Sei miliardi tra bollette e utenze, 4,5 miliardi per canoni e spese amministrative, manutenzioni per 1,5 miliardi in un anno: sono i ‘numeri’ relativi alle spese ‘non sanitarie’ sostenute da Asl e ospedali. Per un ammontare di 12 miliardi.
La lente di ingrandimento sulle spese è stata fissata dall’analisi del Sole 24 Ore Sanità sui dati dei bilanci 2006 di Regioni e aziende sanitarie pubblicati dal ministero del Welfare.
Asl e presidi ospedalieri hanno speso 257 milioni di telefono, 625 milioni di mensa, oltre 1 miliardo per le pulizie, 780 milioni tra luce, acqua e gas, 445 milioni di lavanderia e 1,2 miliardi per altri servizi sempre non sanitari. Le spese più ingenti sono state quelle sostenute per ammortamenti che da sole assorbono quasi 2 miliardi, mentre bollette e utenze per acqua, luce, gas, vigilanza, manutenzioni superano nella loro totalità i 5 miliardi.

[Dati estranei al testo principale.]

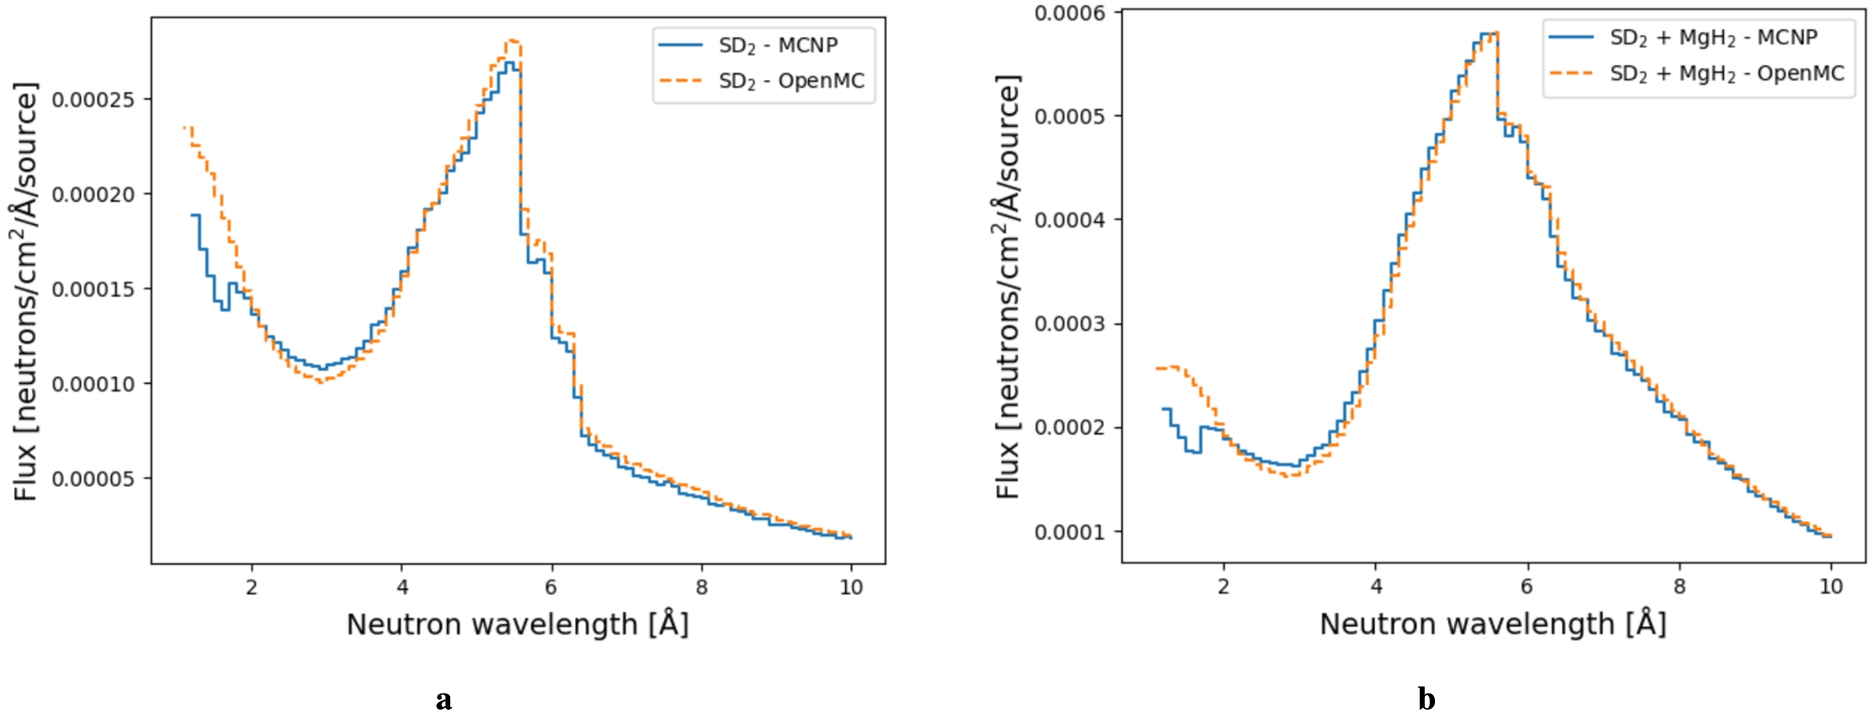 Comparison of the neutron wavelength spectra for the spherical moderator filled with SD2 calculated in MCNP and OpenMC. (A) spectra without the MgH2 reflector at 20 K. (B) spectra with the MgH2 reflector at 20 K.

Nel giro degli ultimi due anni in quasi tutti i settori sono stati registrati aumenti ingenti: le utenze hanno subito un aumento di oltre il 40% e i servizi non sanitari del 44%, le mense si attestano sul +19,03% e a seguire noleggi (+26,23%) e servizi di pulizia (+21,48%): attività ‘appaltate’ all’esterno.
In Campania gli aumenti più sensibili vengono registrati in materia di noleggi (+125%, con incremento più marcato tra 2004 e 2005); riscaldamento (+64%).
Insomma, spese innegabilmente eccessive di cui le Regioni dovranno ‘rispondere’.
Ed è proprio il caso di dire… sono numeri!
Il deficit sanità in Campania sarà sanato partendo da tre criteri: efficienza, risparmio e migliore organizzazione. Tagli alle spese esterne? No. Piuttosto riduzione delle Asl, tanto per fare un esempio, che da 13 passeranno a 8 entro il 30 giugno 2009.
Nel piano di riorganizzazione targato Montemarano è previsto, infatti, l’accorpamento delle aziende sanitarie: nelle province di Avellino, Benevento e Caserta è prevista la presenza di un’unica azienda sanitaria, due nella provincia di Salerno e tre nella provincia di Napoli. Conseguentemente, saranno ridotti di almeno 50 unità gli incarichi dirigenziali in funzionale apicale.
Verranno ridotti i distretti di base: verrà individuato un distretto sanitario ogni 120mila abitanti nelle aree urbane e ogni 70mila nelle zone a bassa densità, nelle isole e nei territori montani.
Spazio poi anche alla riorganizzazione e riqualificazione della rete ospedaliera con il potenziamento delle aziende di rilievo nazionale dove è presente una breast-unit.
Per quanto riguarda gli ospedali, in ogni provincia ci sarà una rete dell’emergenza basata sui grandi ospedali, dove effettuare tutti gli interventi necessari. A queste strutture farà riferimento una rete di ospedali per casi di minore entità. Gli altri ospedali non inseriti nella rete dell’emergenza saranno convertiti in strutture residenziali (vedi Sant’Angelo dei Lombardi e Bisaccia) dedicate ad assicurare l’assistenza per i nuovi bisogni e le nuove cronicità.
Fatto sta che il piano di razionalizzazione approderà in Consiglio regionale nei prossimi giorni per la definitiva ratifica.

Il governatore Bassolino comunque dal suo blog replica
“Non ci sarà nessuna marcia indietro sul Piano di rientro dal disavanzo sanitario in Campania. Il nuovo piano è una strada obbligata da cui non si torna indietro. Una sfida che riguarda un diritto fondamentale di cittadinanza come quello alla salute e che si vince solo mobilitando tutte le migliori energie. Il lavoro per risanare e rilanciare la sanità campana è cominciato negli anni scorsi. Si pensi al solo disavanzo: 8 miliardi di euro, via via riassorbiti. Abbiamo fatto tanta strada. Incontrando ostacoli e difficoltà. Questo percorso è giunto negli ultimi mesi, a un passaggio delicato. Il piano di rientro concordato e siglato col Governo ha rappresentato una sfida cruciale e ogni nuova fase del piano ci ha dato l’opportunità di analizzare e affrontare questioni irrisolte da tanto tempo. Il nuovo piano varato dalla giunta rilancia questa sfida. Rigore e qualità dei servizi. Il sistema sanitario non arretra e nessuno intende ridimensionare il suo ruolo. Vogliamo ridimensionarne invece l´apparato burocratico ed eliminare gli sprechi dovuti a modelli organizzativi che non rispondono alle esigenze reali dei territori e cambiare tante cose che non vanno”.